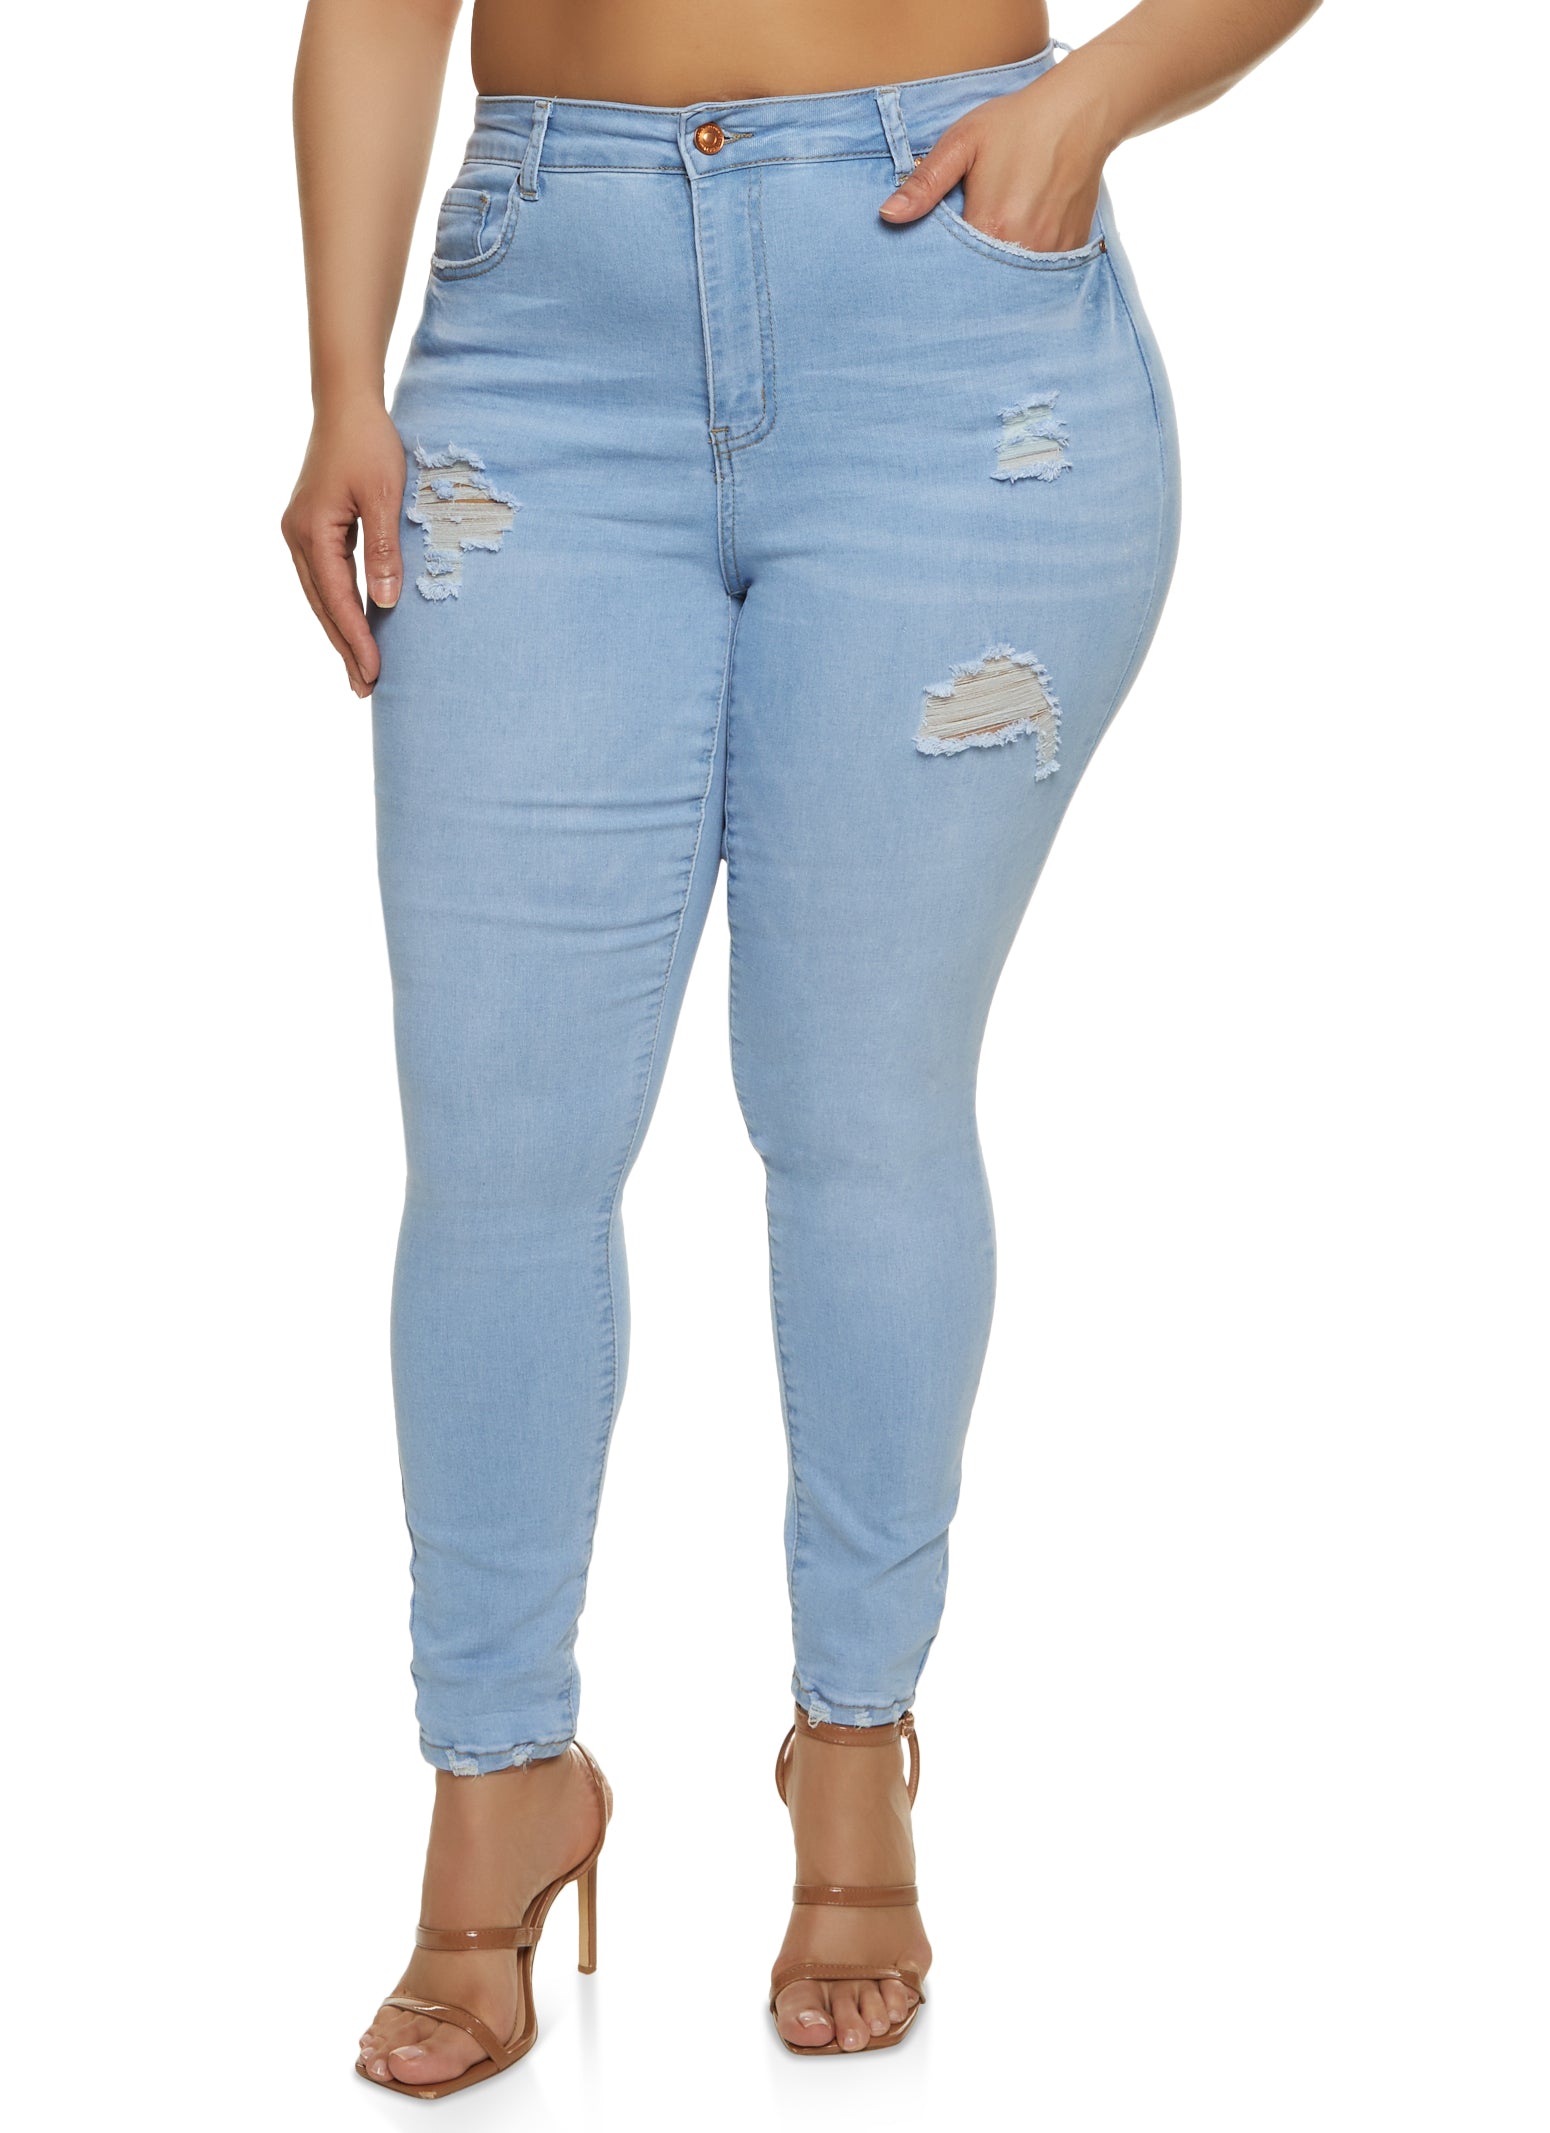 Plus Size WAX High Waisted Distressed Jeans - Light Wash
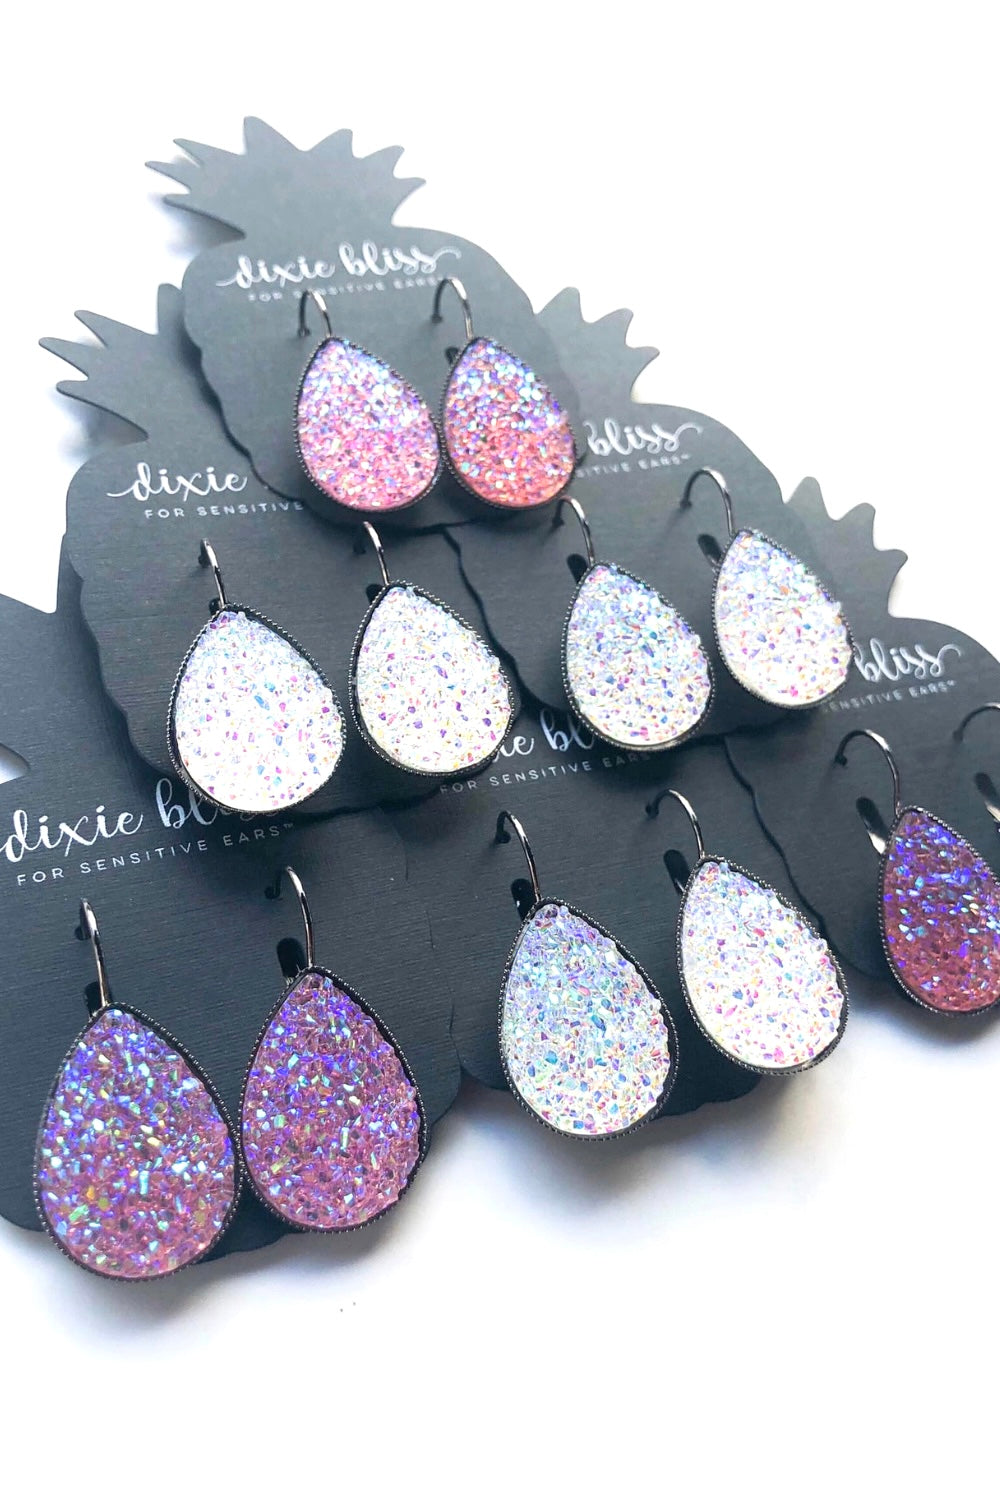 Dixie Bliss Earrings: Iridescent Lovely Lever Backs In Crystal Clear White and also Blush Pink Hypoallergenic made in the USA woman-owned company druzy shiny diamond-like sparkle and shine safe & made for sensitive ears
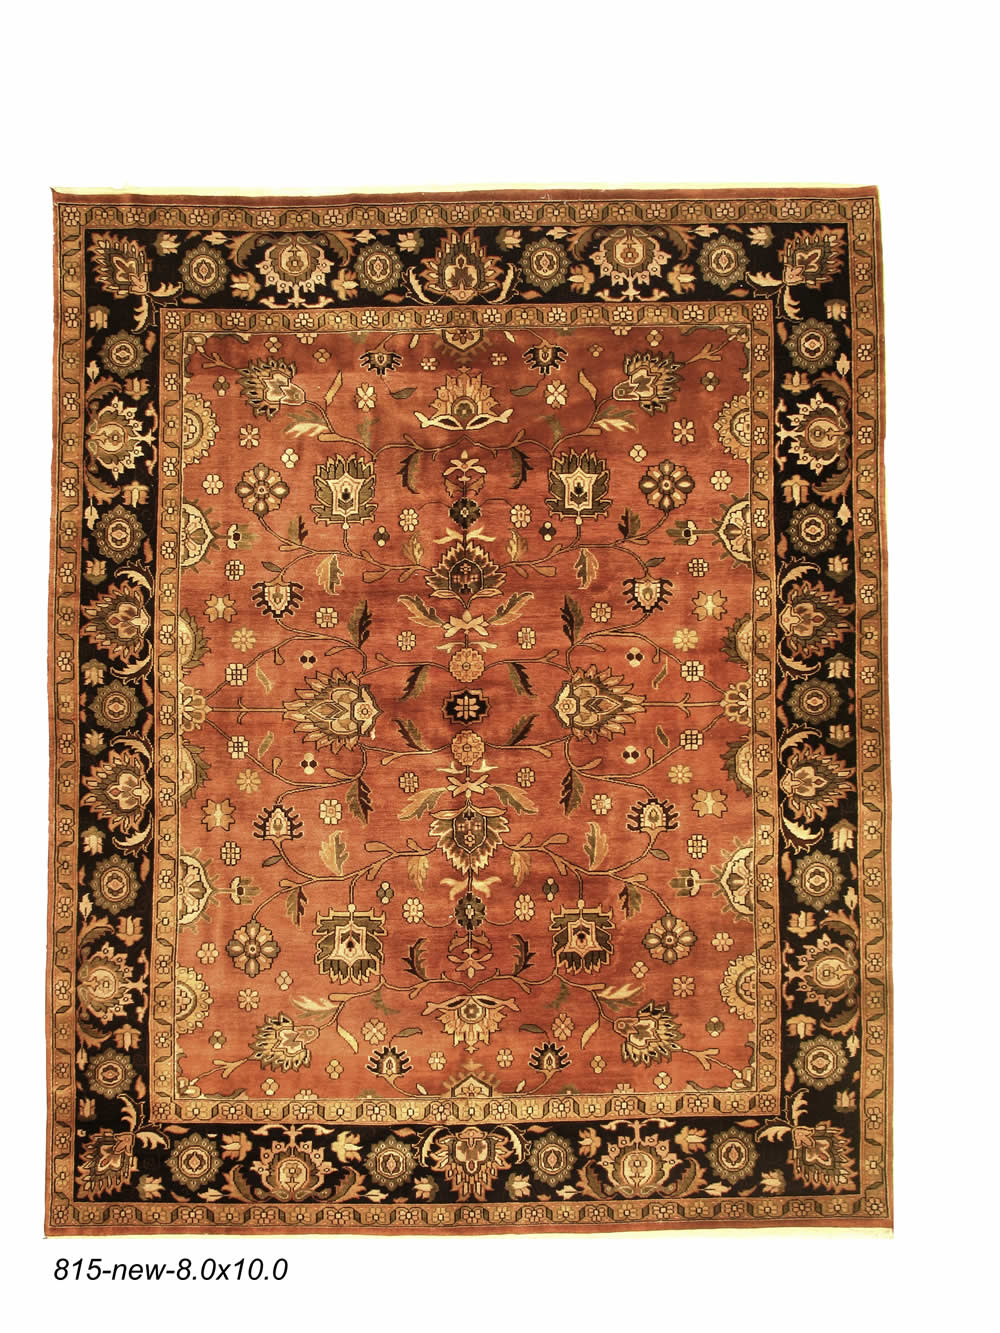 New Indian Rug
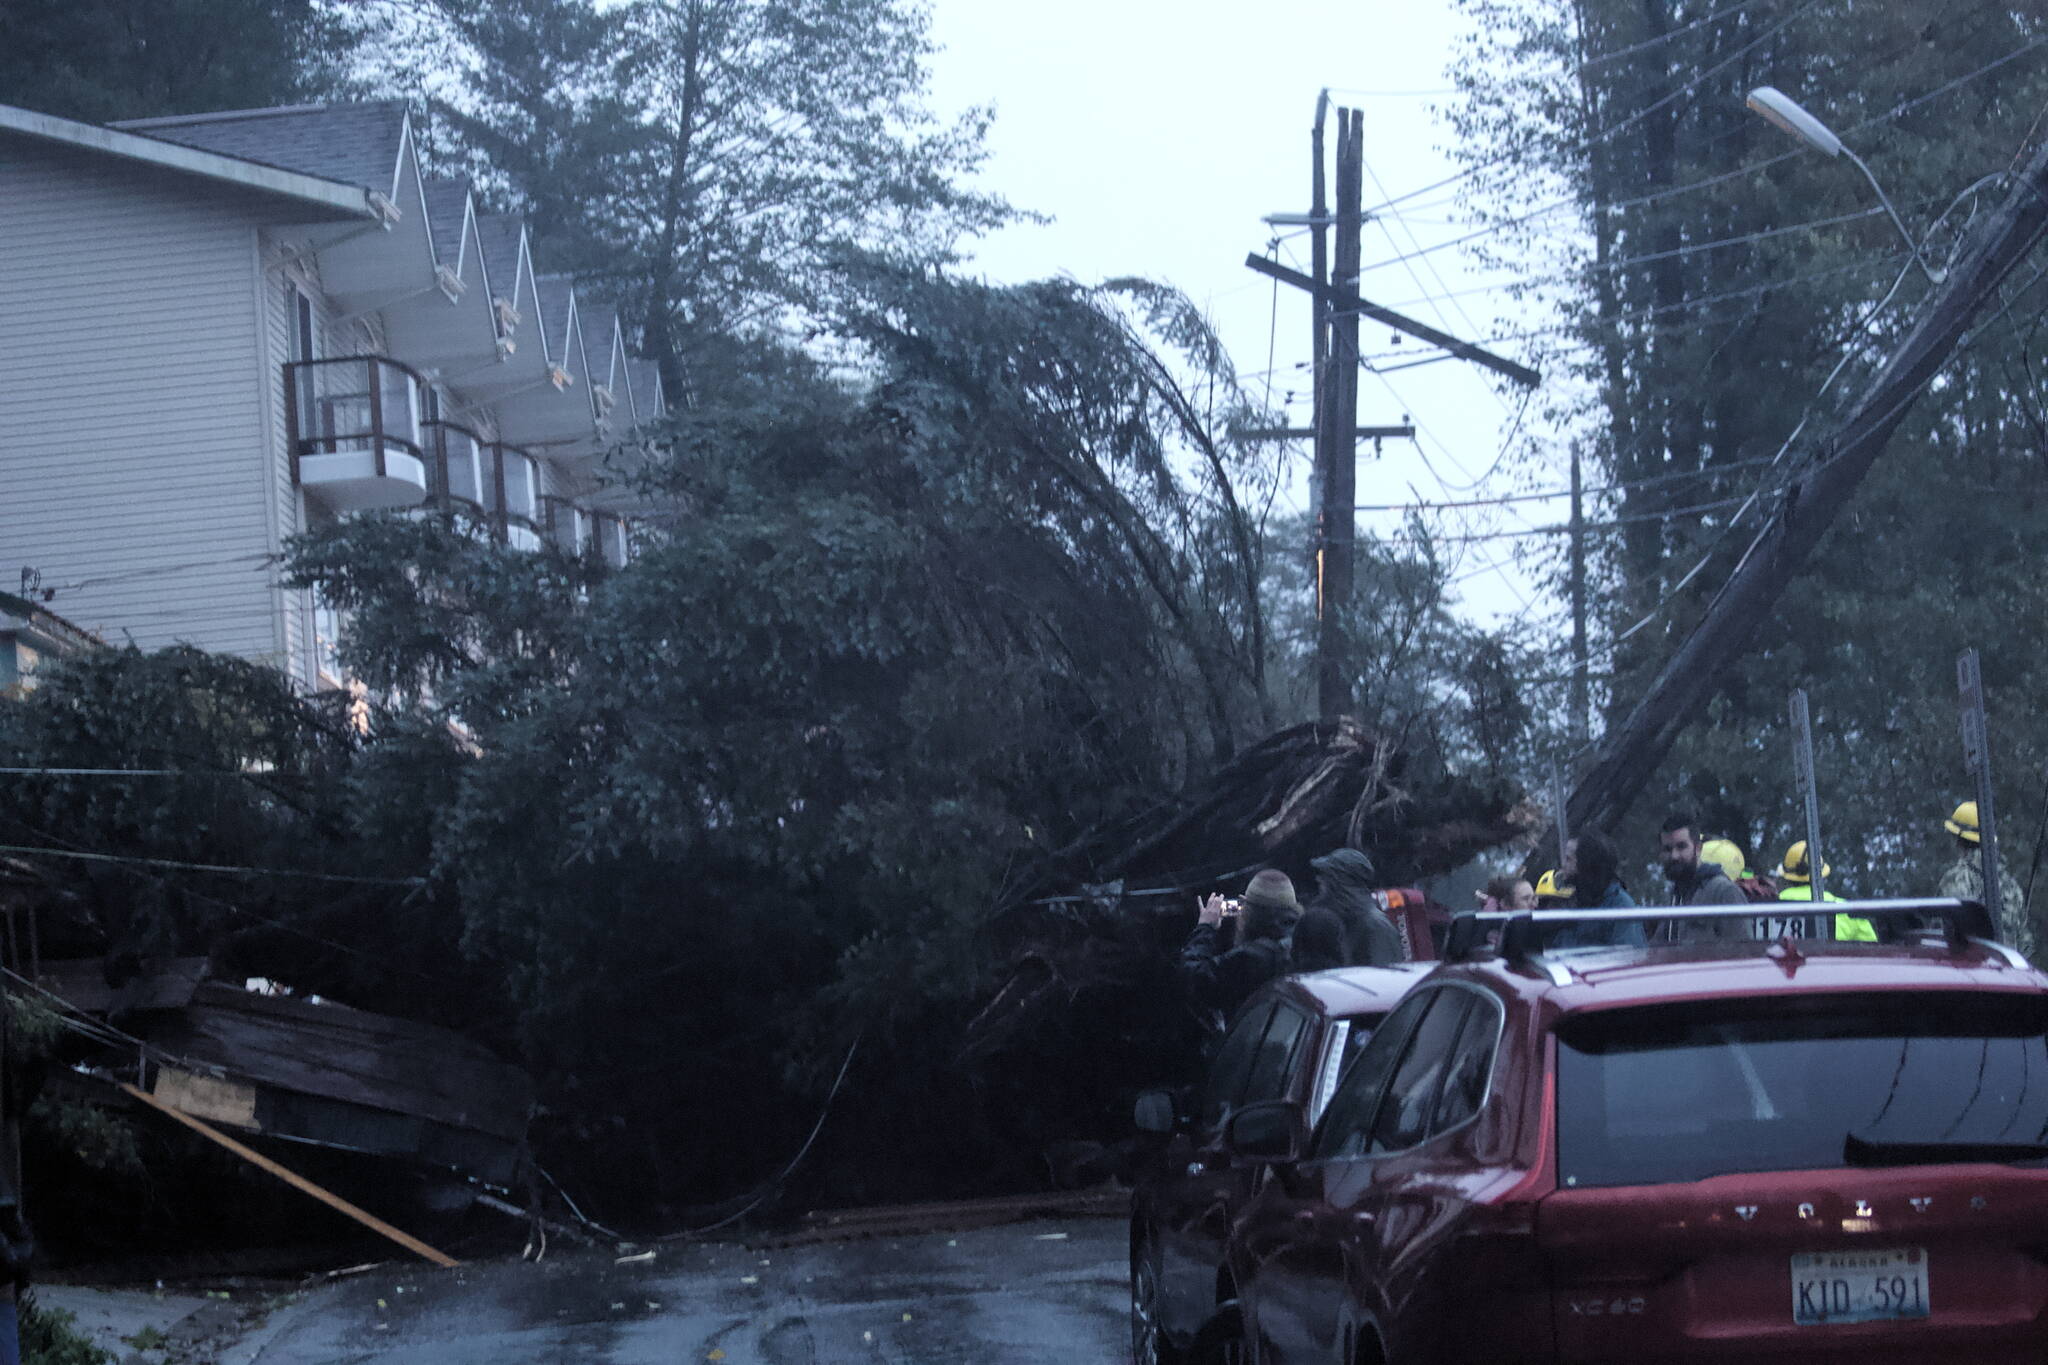 A tree lies across Gastineau Avenue on Monday evening after falling between two homes and crushing at least one vehicle. Firefighters and police closed the street to traffic, and evacuated homes along the street as well as buildings extending down to Franklin Avenue. The evacuation is expected to last at least 24 hours. (Mark Sabbatini / Juneau Empire)

■ WORK TO COMPLETE
Return all the data exactly, pictures omitted.

■ RESULT BELOW
 Plus Size WAX High Waisted Distressed Jeans - Light Wash
 Dixie Bliss Earrings: Iridescent Lovely Lever Backs In Crystal Clear White and also Blush Pink Hypoallergenic made in the USA woman-owned company druzy shiny diamond-like sparkle and shine safe & made for sensitive ears
 New Indian Rug
 A tree lies across Gastineau Avenue on Monday evening after falling between two homes and crushing at least one vehicle. Firefighters and police closed the street to traffic, and evacuated homes along the street as well as buildings extending down to Franklin Avenue. The evacuation is expected to last at least 24 hours. (Mark Sabbatini / Juneau Empire)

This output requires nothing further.